Any attempt at engaging with the professional “industry” was the same.  There was this innate incompatibility that ran through me when I tried to work with such things.  I found that lots of people can be good at many things, but few involved in music are there for creative reasons.  They may say they are.  They may talk as though they are, wear the clothes as though they are and make the friends that suggest that they are.  But when push comes to shove, they’re invited to the party on reasons other than merit; and all the artistic integrity in the world isn’t enough to hammer through the thick skin of artifice and clique-iness that exists in a scene that distrusts anything it doesn’t already know or feel familiar with.  The only way in, is via people – and that takes a certain talent that isn’t necessarily related to making good music.  The same can be said of business as a whole:  it’s not what you know, but who you know that grants you the exposure you need to make a living.
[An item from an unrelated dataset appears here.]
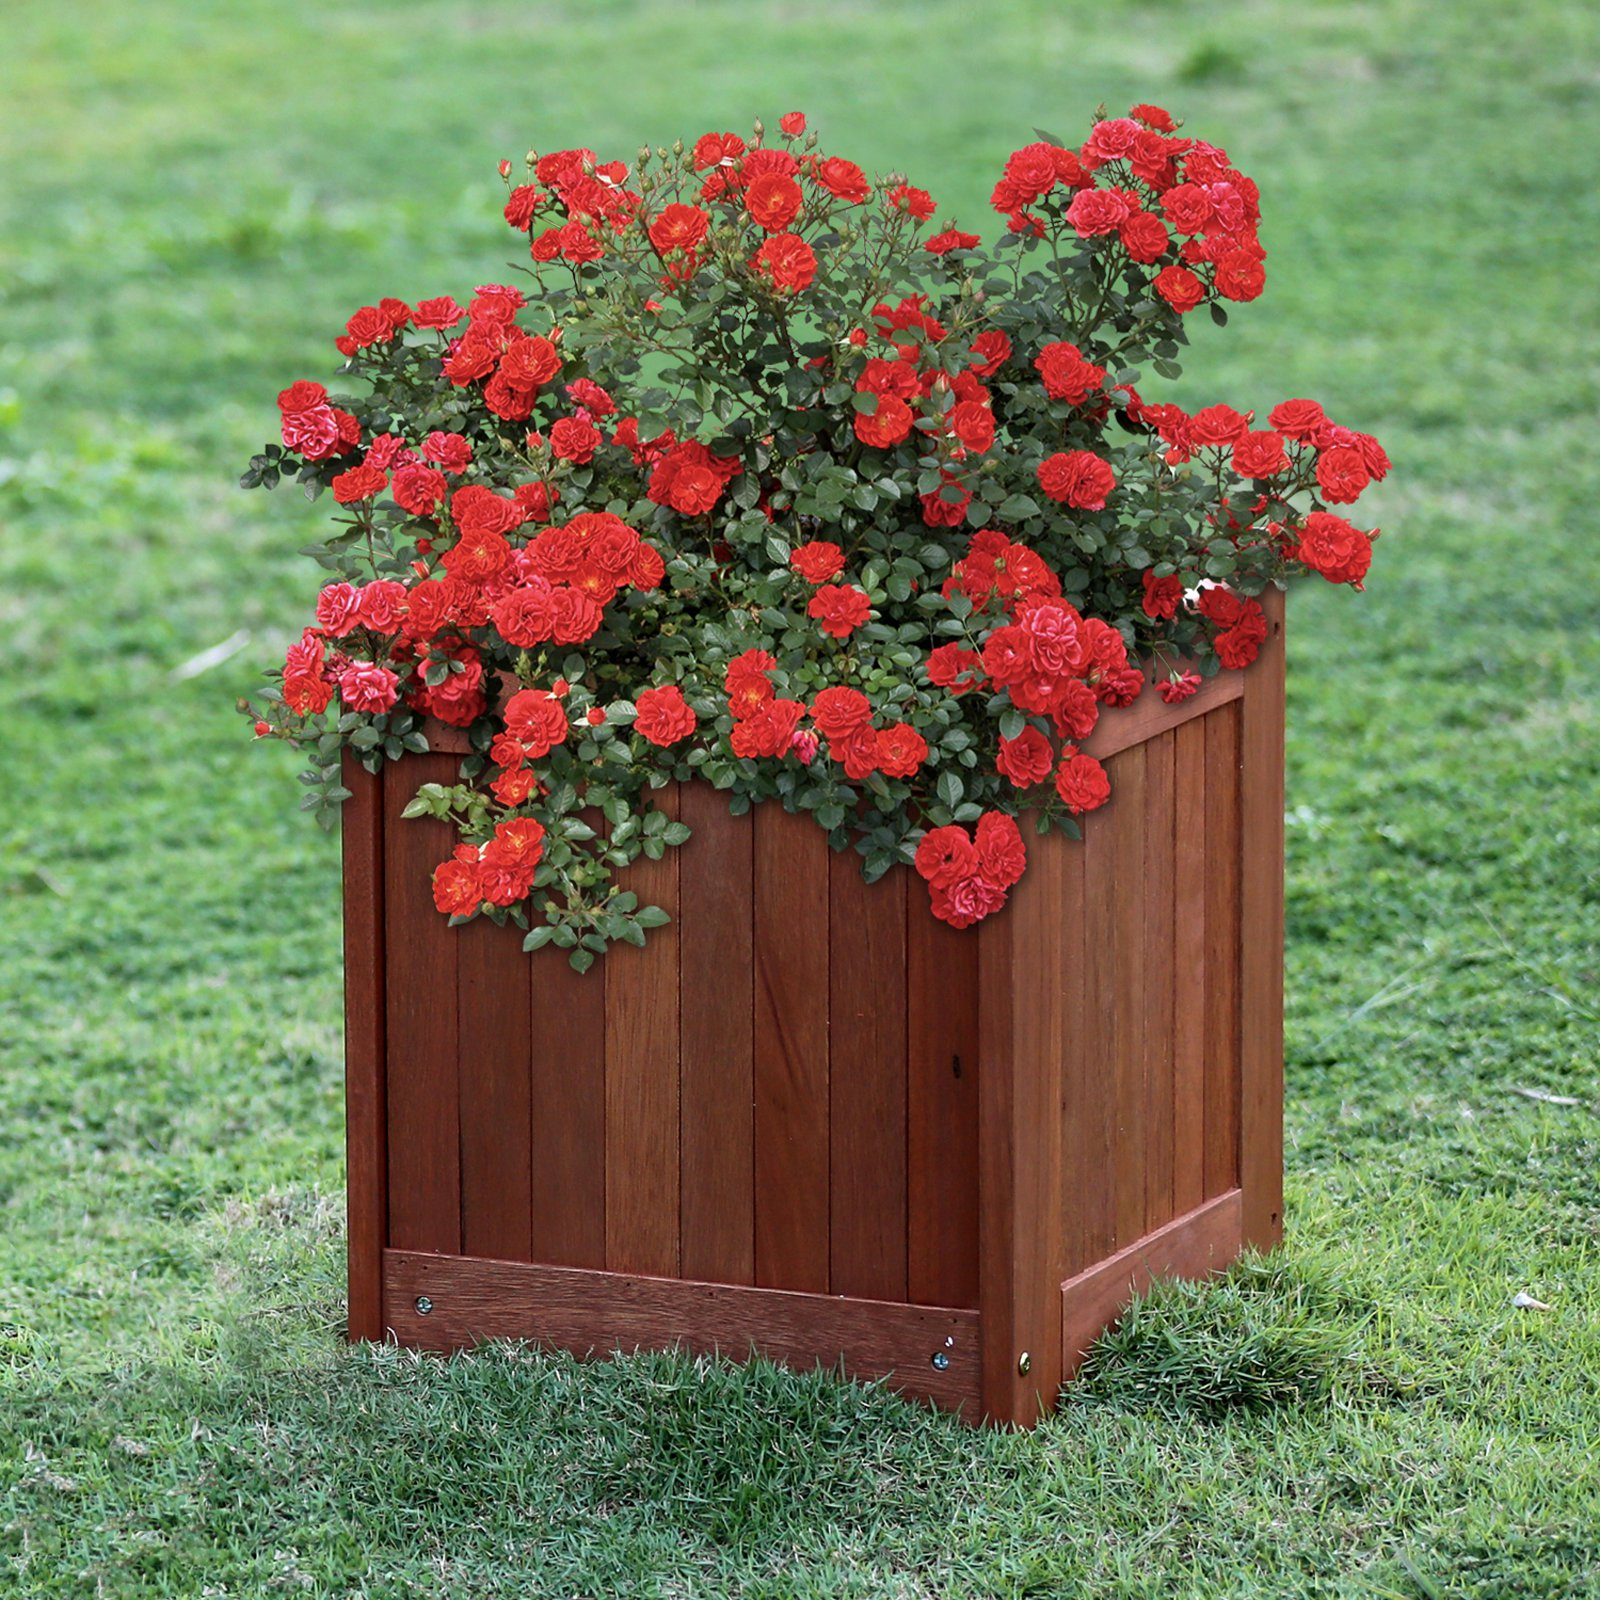 Furinno Tioman Teak Hardwood Flower Box by Furinno

At one point during my final furlong in Newcastle, I was in talks with a business that pairedproducer-songwriters with emerging artists.  I thought it might be a good idea to turn what talents and experience I had in the field to good, commercial use.  It ended up with these two middle-aged business men talking a lot about X Factor finalists in Serbia, and criticising the vocals on an old My Attorney track.  I felt violated; I knew in my heart that the work I’d done was – for the most part – good.  Inviting these clowns into my life to grope me and leave without so much as a follow up phone call was humiliating.  Again, it was Life’s way of saying that I was going about things the wrong way.  Something as precious as singing is not designed to be grafted onto the mechanics of a business that is just looking for the next corporate consultancy payday, masquerading as some "workshop" or "enterprise programme".

Make the sign of the cross, and walk away.  Which was difficult, because I never wanted to be a hobbyist.  For me it was a life thing.  So you have to step back, and reappraise it all.  Work out how you are going to do what it is you want to do, outside of anyone else’s system.  Because once you start playing by someone else’s rules, you’re fucked.